The Manhattan Jewish Historical Initiative inducted 10 new members into its Manhattan Jewish Hall of Fame at a ceremony in Bryant Park Tuesday night. The inductees are Georgette Bennett, Jamie Deroy, Rabbi Robert Levine, Judge Jonathan Lippman, Howard Lorber, Liz Neumark, David Price, Joan Roth, Laurie Tisch and David Zaslav.

Theatre Emory at Emory University is releasing a filmed adaptation of Yiddish writer Chaver Paver’s Labzik stories, about a dog adopted by an ardently Communist family. The puppet show, based on a translation of the stories by Miriam Udel, will videostream on demand, free, from May 24-June 5. The Jewish Week spoke to Udel earlier this year about “Honey on the Page,” her anthology of Yiddish children’s literature.

Streaming Today

The Pew Research Center released its “Jewish Americans in 2020” report on May 11. What are implications for Jewish education and engagement? The Jewish Education Project’s CEO Dr. David Bryfman, Dr. Arielle Levites of the Collaborative for Applied Studies in Jewish Education, Dr. Moshe Krakowski of Yeshiva University and Dr. Analucía Lopezrevoredo of Jewtina y Co. will discuss the report and help educators, parents and grandparents make sense of these new findings. Register here. 2:30 pm.

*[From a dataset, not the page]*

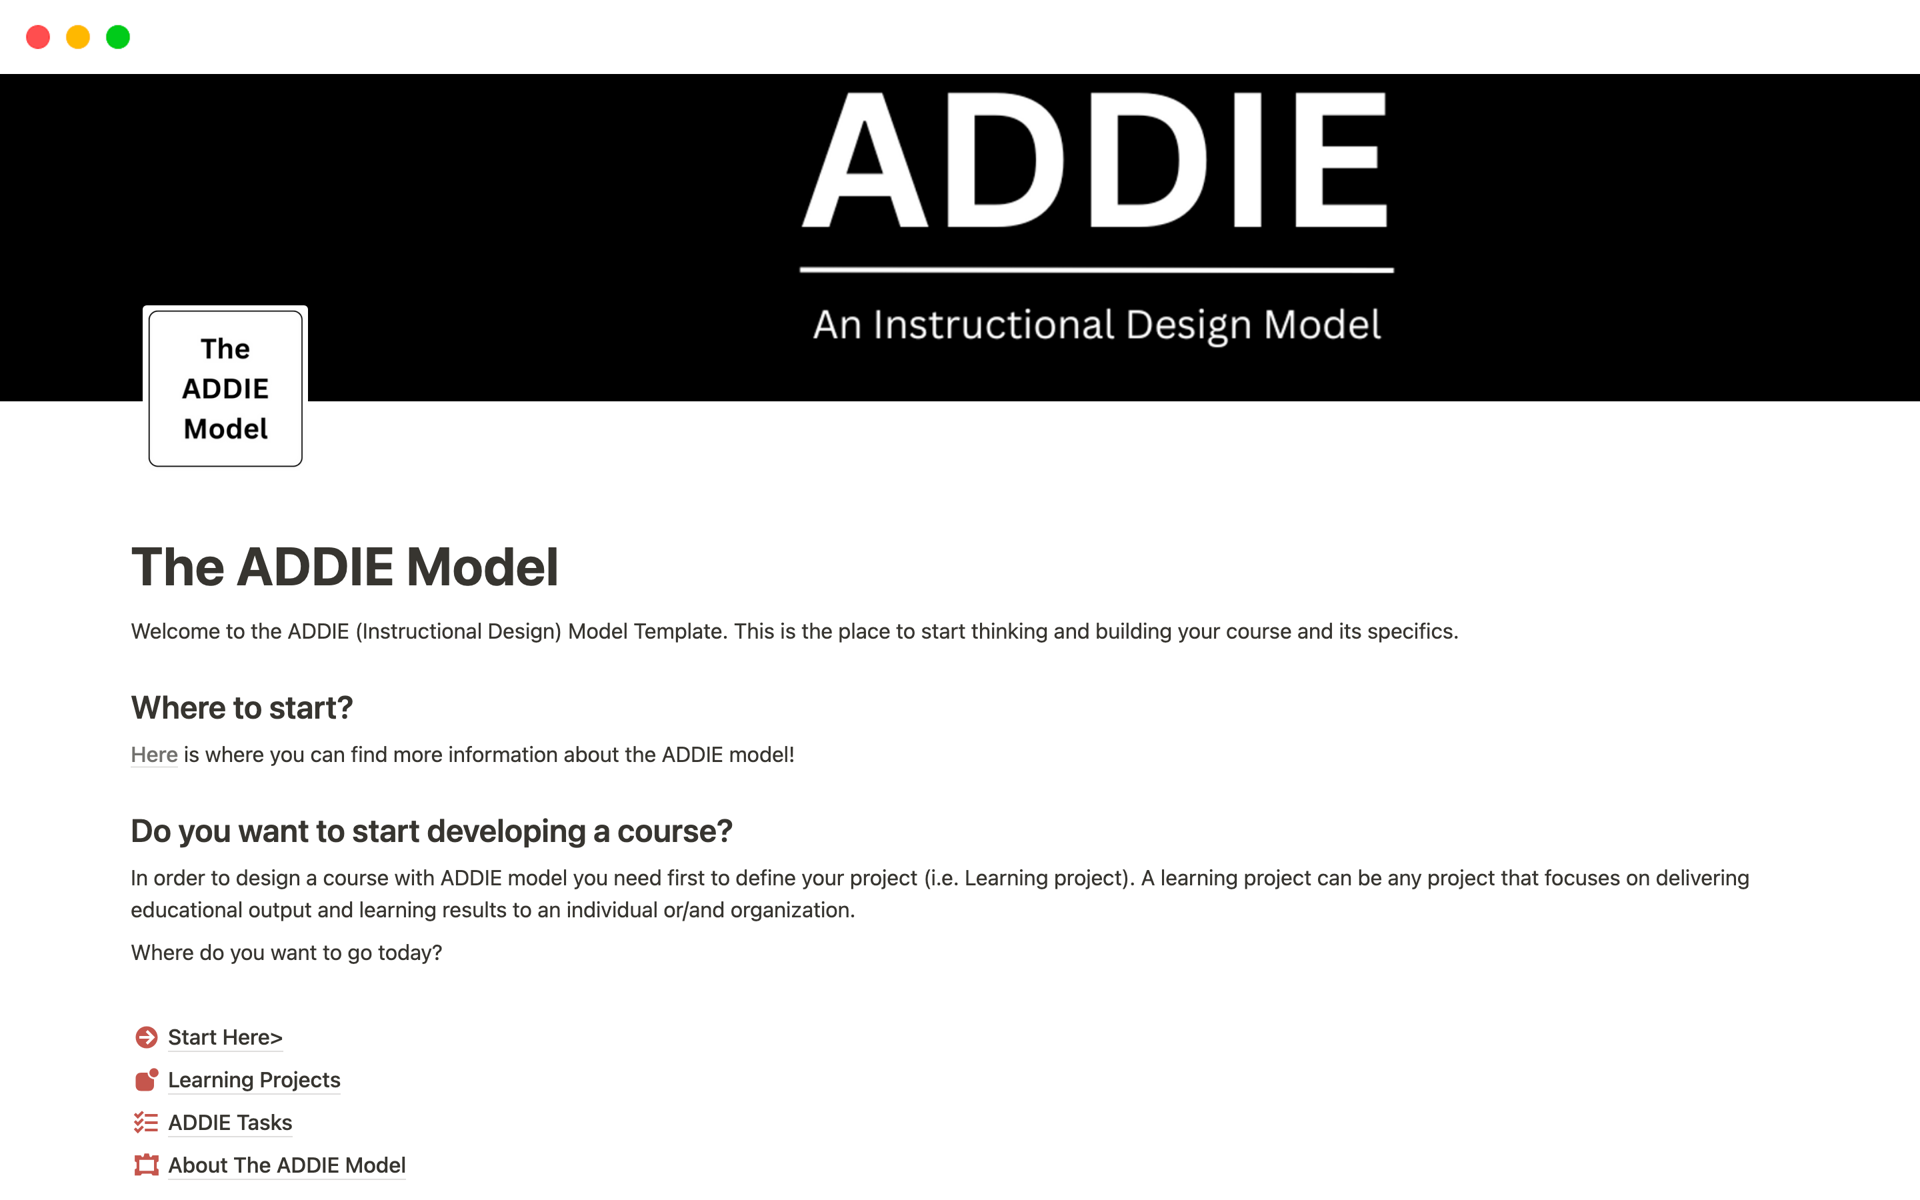 A tool to help you build a course with ADDIE instructional design model.

Join Israel Policy Forum’s Michael Koplow for a talk about Jerusalem, Gaza and where things stand now post-ceasefire. Register here for this Marlene Meyerson JCC Manhattan program. 7:00 pm.

Author Ethan Daniel Davidson discusses his book, “These are the Developments of the Human,” a compilation of wisdom and insights captured over years of various study partnerships of Jewish text with rabbis and other learners from around the world. An author and musician, Davidson helps run the William Davidson Foundation established by his late father, Bill Davidson. Register here. 7:30 pm.